I am always amazed how hope is so effervescent and abundant during spring. The lengthening of days, the budding of blossoms, the chirping of birds, the scurrying of all God’s creatures each give expression to nature’s abundant hope. It is no wonder that Easter falls within the season of spring. It seems that all of nature wants to sing of new life and so it seems right for me during spring to remember my spiritual roots, which lie within the Christian story of the resurrection. Indeed both the season of spring and the stories of Easter contribute to my walking with a little more pep in my step these days when I take my daily walk.
This renewal of hope bolsters me in my daily engagement with life from the simplest tasks to the more focused tasks in favour of a world where the values of justice, peace, and sustainability are upheld. For example, recently, after having prepared the evening meal and tidied the kitchen, we attended a meeting in the community to organize resistance to a recent decision by the local health authority to move physicians and nurse practitioners out of the nearby health clinic. I won’t go into all the details, but suffice it to say that this decision appears to me to rest more upon political ideology than on sound health care policy. The ruse does not pass the smell test and members of the community know it. Mobilization and opposition is beginning to take shape.
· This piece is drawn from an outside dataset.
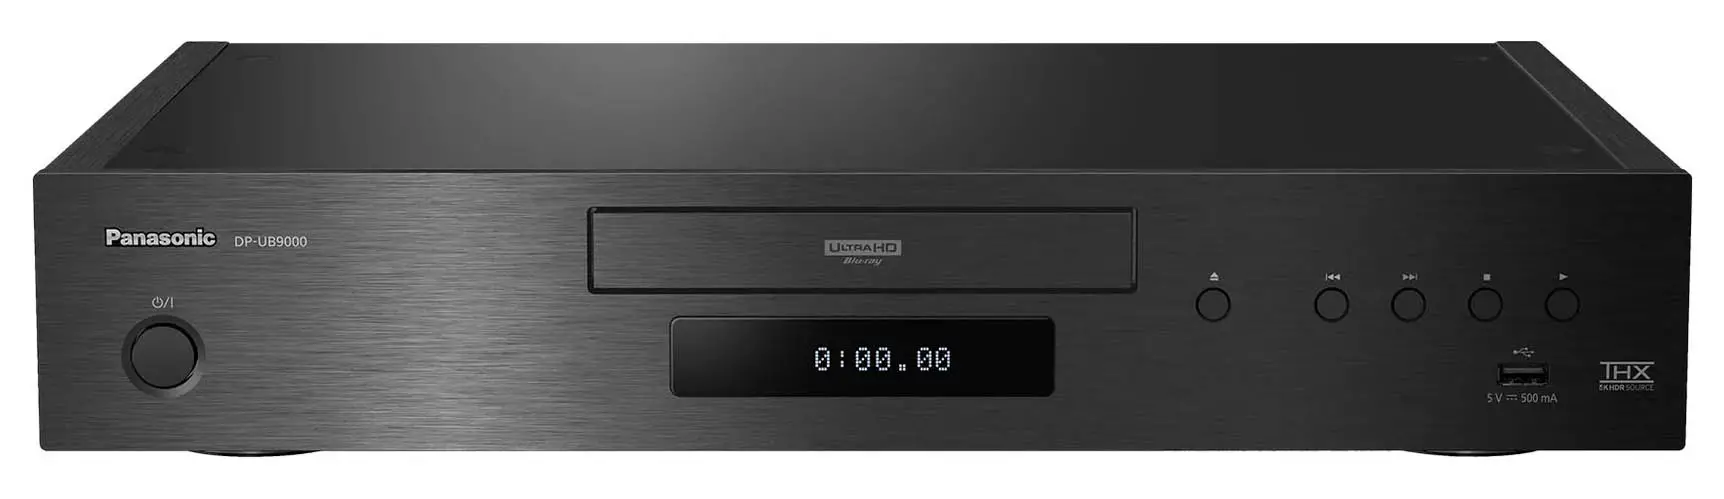 Panasonic DP-UB9000 4k Blu-ray Player (2019)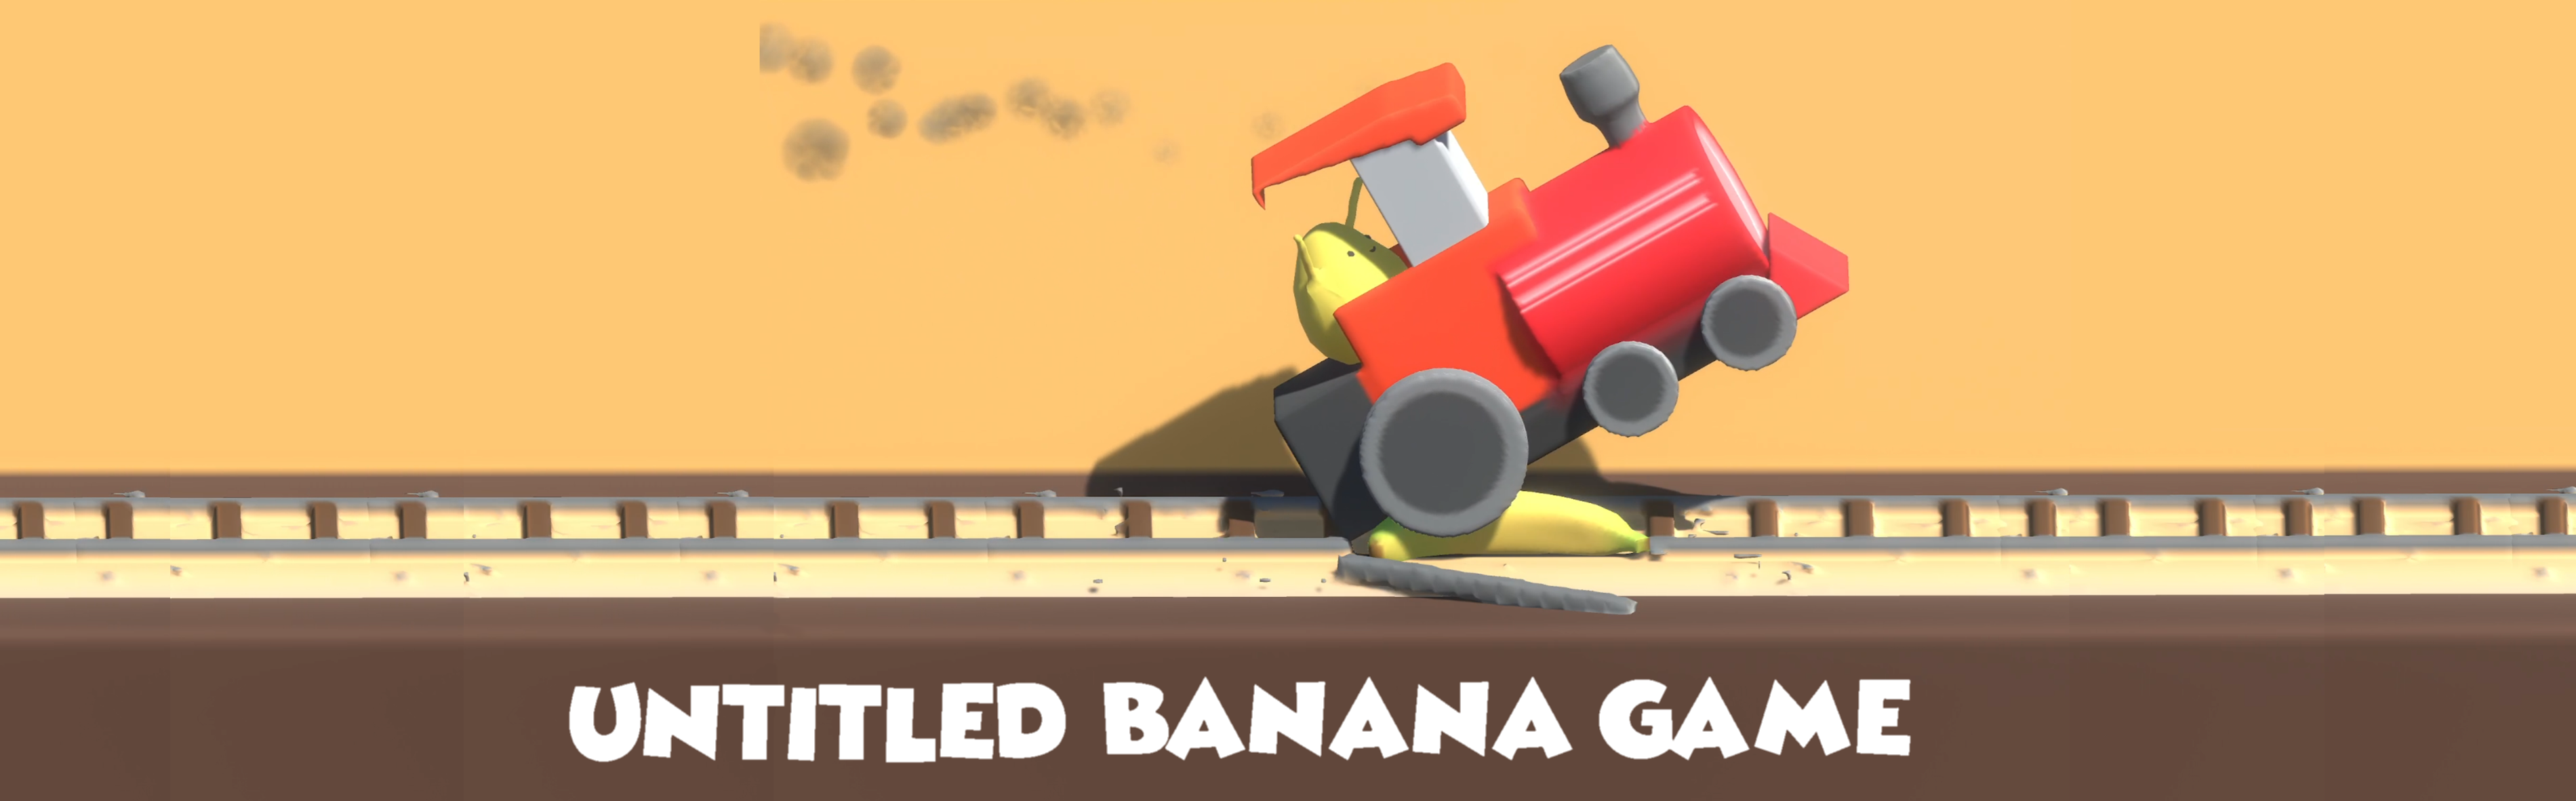 Untitled Banana Game

Only a few generations ago there was no universal health care in Canada, but now there is, mostly due to the activism of Canadians who saw the need for health care. While our system is under strain, and can be improved upon, it remains one of the best systems in the world. But, this latest move by the local health authority is a small attempt to diminish the caliber of our health care system. I doubt that it will succeed in undermining the confidence Canadians have in their health care system. Imperfect as it is, our health care systems stands as a work of the common good and there are simply too many good citizens who value the common good to allow it to crumble. You may say my view is naïve—I happen to think it is hopeful.
We all need places where hope is practiced, where hope can break out. Hope flows through the seasons and lives in nature. A day walking in mountains or fields or forests will easily renew the slowed heart. Likewise, an evening with family, friends, or fellow citizens listening to some of the many human stories that constantly swirl around, and within us, can strengthen the heart and invigorate the spirit. And flowing out from the interplay between the circle of nature and the circles of ‘others’ are the human systems that solidify the common good into communal systems that benefit us all. As long as there is nature to walk in and human stories to inspire us there will be systems of the common good to carry our hope and sustain us. And that is a beautiful thing.